By Marilyn Lester . . .

Guitarist-vocalist John Pizzarelli, like many performers who endured the drought of live engagements during the two-year pandemic lockdown, is finally back live in a venue that suits him to the proverbial “T,” the newly re-opened Café Carlyle. It’s an intimate space that’s also extremely comfortable to be in, helping ensure a flow of reciprocally high energy between audience and performer. That energy was flowing liberally with Pizzarelli and his trio, Isiah J. Thompson on piano and Mike Karr on string bass. Pizzarelli gave a “better-than-ever” performance, breezing handily through a new show entitled, Stage & Screen, songs from Broadway and film through the years.

The term “triple threat” is one well-known about stage entertainers, meaning the individual can sing, dance and act with equal skill. Pizzerelli is also a bona fide triple threat in another way. He’s a virtuoso on the guitar, sings with a pleasant vocal tone and is a humorist/raconteur of great wit and sublime irony. If you throw in interpretive skills when it comes to lyric, he’s also very much a quadruple threat. At the top of the set “How About You” (Burton Lane, Ralph Freed, 1941 Babes on Broadway) and “Rhode Island Is Famous For You” (Howard Dietz, Arthur Schwartz, 1948Inside USA) solidly established all four facets of this master of all. Humor-wise, for example, a hilarious story about one of Benny Goodman’s small group endeavors involving saxophonist Zoot Sims and Bucky Pizzarelli, wonderfully set up “Too Close for Comfort,” written by Jerry Bock, George David Weiss and Larry Holofcener in 1956 for Mr. Wonderful.

Personal reminiscences about his own experience, as well as other memories of father Bucky (who died in April 2020 at age 94), were especially delightful, adding zest to the musical selections. Pizzarelli revealed his first trio gig was 31 years ago at the now closed and very much lamented Oak Room in the Algonquin Hotel. He also spoke of good times in Michael’s Pub, a long-closed midtown jazz venue, in the late 1970s and early1980s. Among homages to Bucky were some subtle tributes, unspoken. Picking up the classical guitar, which produces a particularly mellow sound, he played a solo of Bucky’s arrangement of “Where or When” (Richard Rodgers, Lorenz Hart, 1937 Babes in Arms). With Karr playing melodic lines within the rhythm, the harmony produced by these two instruments together underscored the wistful, even haunting quality of the song.

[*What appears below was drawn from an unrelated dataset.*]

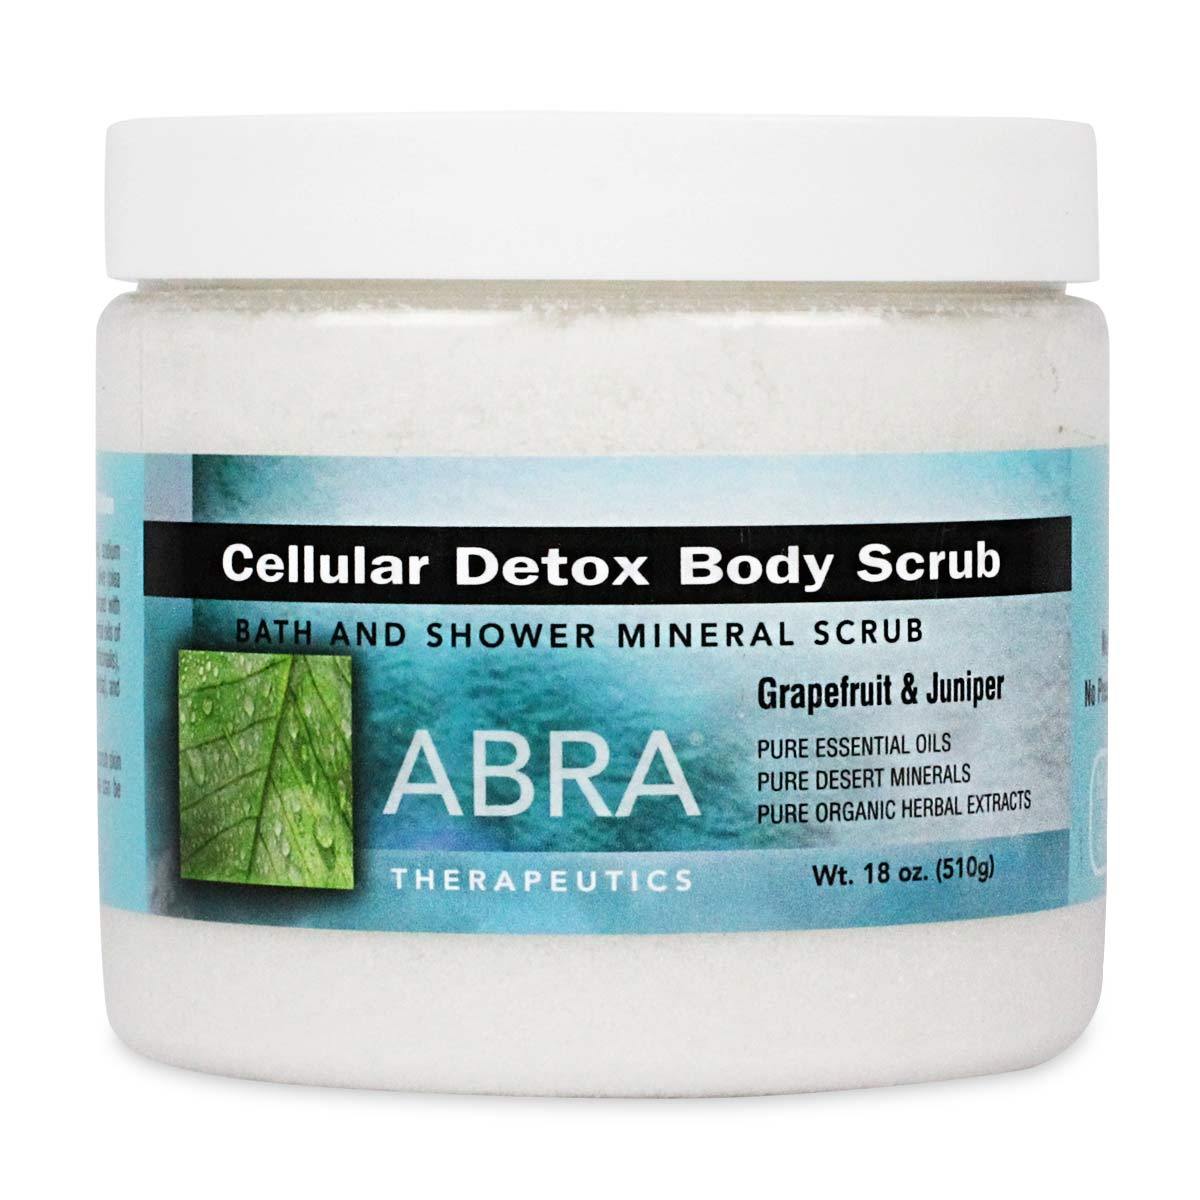 Primary image of Cellular Detox Body Scrub

A high point (of many) in the set was the slow, ballad tempo of “As Time Goes By” (Herman Hupfeld, 1931 Casablanca) with the almost never heard verse—a real treat. For demonstrations of incredible technique, a speed-driven uptempo “I Want to Be Happy” (Vincent Youmans, Irving Caesar, 1925, No, No, Nanette) demonstrated the almost super-human flexibility of Pizzarelli’s playing, with a series of subtle tempo changes in a classic jazz attack of melodic lines with excellent runs of improvisation. Another iteration of this dynamic came with the closer, “Coffee in a Cardboard Cup” (John Kander, Fred Ebb, 1971 70, Girls, 70). This tune is a fun song, with Pizzarelli and company making the most of it. Although he hadn’t been doing it much during the set, Pizzarelli let loose with a goodly sample of scat, which generally includes his ability to intuitively harmonize his scatting with his playing.

One of the elements that elevates a performance is in the perception that the performer is having a good time—perhaps even communicating a strong sense of absolutely not wanting to be anywhere else in that very moment. This, Pizzarelli does with ease and in a very personal way. That quality and sheer talent makes time fly and endings come all too quickly. But the encore was a stunner. Duke Ellington, throughout his life, was often asked (and sometimes criticized) about not taking a stance about racism. His sincere answer was always, “everything I have to say is in my music.” Likewise, in the troubled world we now inhabit, amid house lights down, Pizzarelli offered his statement (on the classical guitar)—a soft, evocative solo of South Pacific’s (Richard Rodger, Oscar Hammerstein III, 1949) “You’ve Got to Be Carefully Taught.” You could have heard the proverbial pin drop. The song was the perfect coda for a glorious night of music by the highly engaging and wonderfully talented John Pizzarelli Trio.